The Case for an Incremental Approach

As a lifelong football fan, I have long rued the ascendancy of the short pass. Ever since Joe Montana implemented the West Coast passing scheme to such glorious effect in 1980s, teams all across the league have adopted its principles—opting for shorter, safer completions at the expense of a potential big gain down the field. While no doubt effective, this risk-adverse philosophy also can be dreadfully dull to watch.

While SOA implementations are not a spectator sport, a variant of the question bedeviling football coaches—whether to play it safe or go for the end zone—faces insurance company CIOs moving toward a service-oriented architecture. At Insurance Networking News’ first annual Web Services and SOA summit, held in New York on Jan. 23, 2008, a rough consensus emerged that when implementing SOA, a stepped approach is often preferable to grander ambitions.

Ron Schmelzer, managing partner at Baltimore, Md.-based SOA research and advisory group ZapThink LLC, said an insurance carrier would be well advised to implement SOA in a limited area first, and gauge its efficiency before rolling it out enterprisewide. “How do you eat an elephant?” he asked. “One bite at a time.”

One primary benefit of the incremental approach, Schmelzer noted, was a reduction in risk and project time. For a three- to six-month project, the cost of a troubled or failed implementation is low, while if a three- to five-year plan should go astray, the implications can be catastrophic. What’s more, by undertaking a long-term plan, IT is making the dangerous assumption that a carrier’s underlying business needs will not change markedly, he said.

The case for an incremental approach was clearly illustrated in the remarks of Gary Plotkin, VP and CIO for The Hartford’s P&C operations. As CIO of a 198-year-old company burdened with a thicket of legacy systems, some dating back 47 years, few people could benefit more from a rapid, enterprisewide SOA implementation than Plotkin. Yet, Plotkin said a rapid move to SOA isn’t always advisable or even feasible. To buttress this point, he unveiled a chart that showed (in finite, excruciating detail) the Byzantine interrelations between the 475 business applications, 212 functions with 200 separate software or infrastructure solutions that the Hartford had running when Plotkin came on board as CIO.
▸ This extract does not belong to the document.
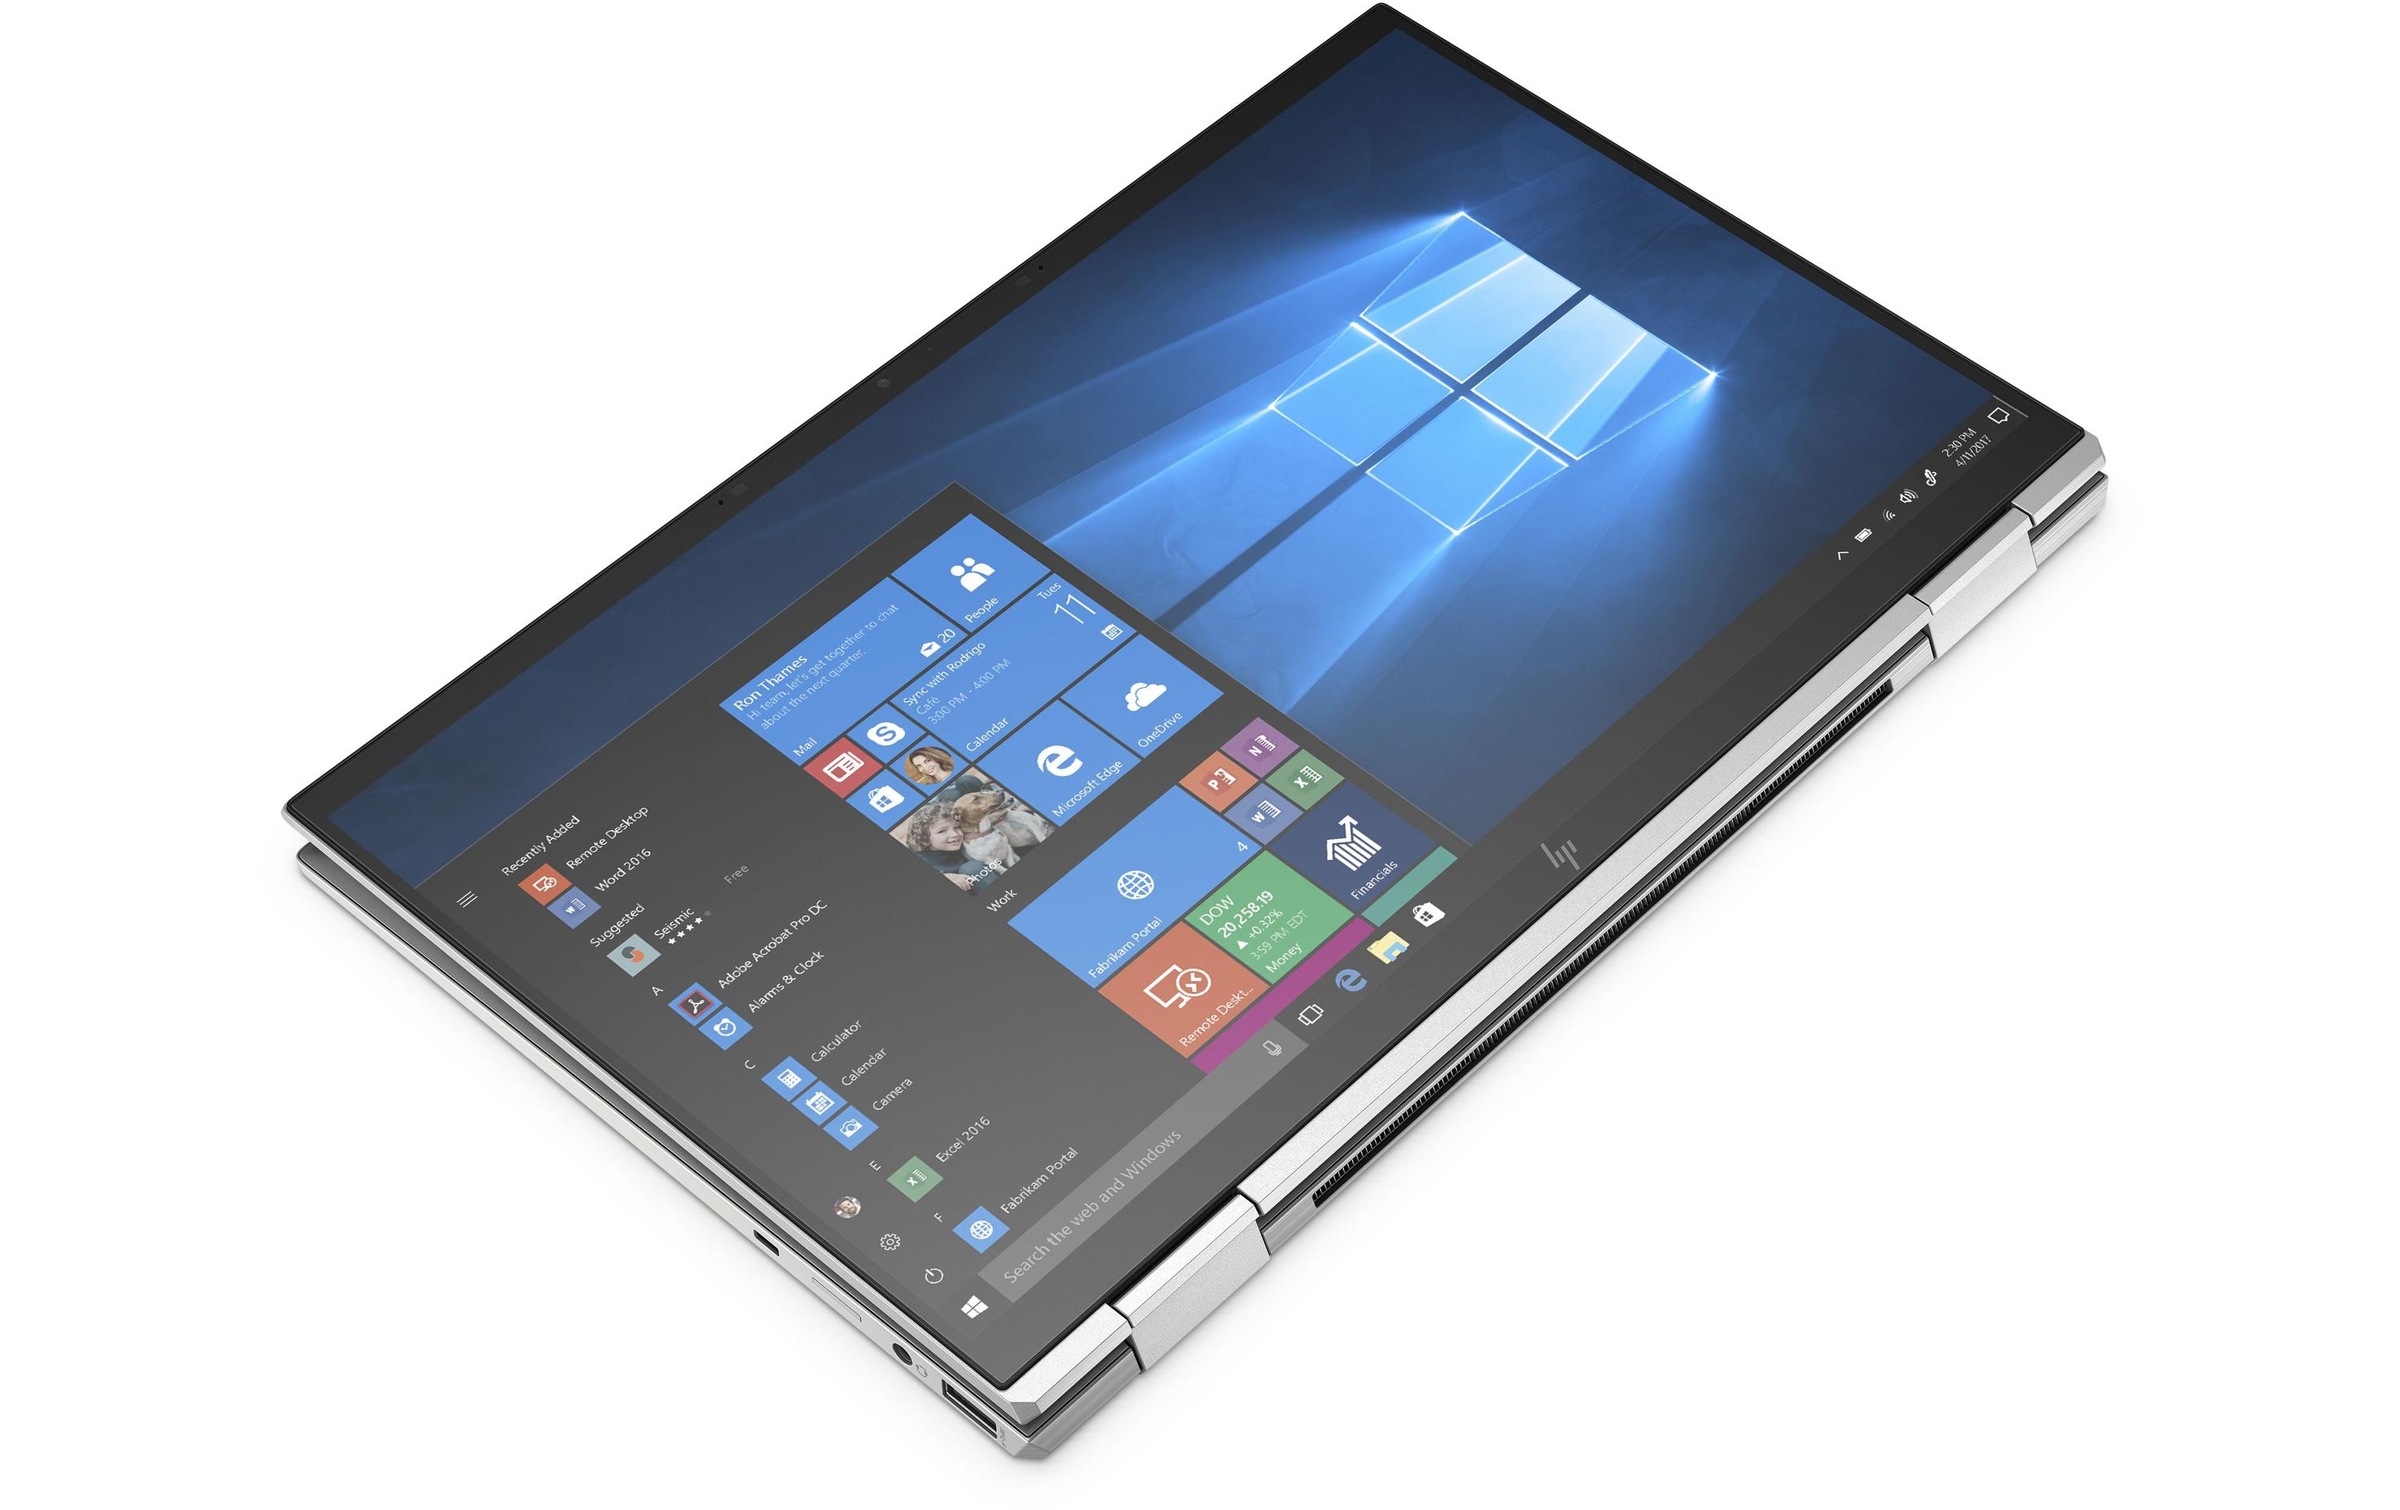 HP Notebook »x360 1030 G7 229P6EA SureView Reflect«, 33,8 cm, / 13,3 Zoll, Intel, Core i7, 512 GB SSD

“This is a very complex environment,” Plotkin said, adding that he showed the chart to the Hartford’s board of directors to underscore the enormity of the challenge that the company faced. “Something that took 47 years to create does not get resolved in two. I wish it did, but we need to attack this problem piece by piece.”

Thus, Plotkin has wisely committed to methodically, yet inexorably, simplify the company’s IT infrastructure with SOA, quite content to eat the elephant one bite at a time while heading for the end zone.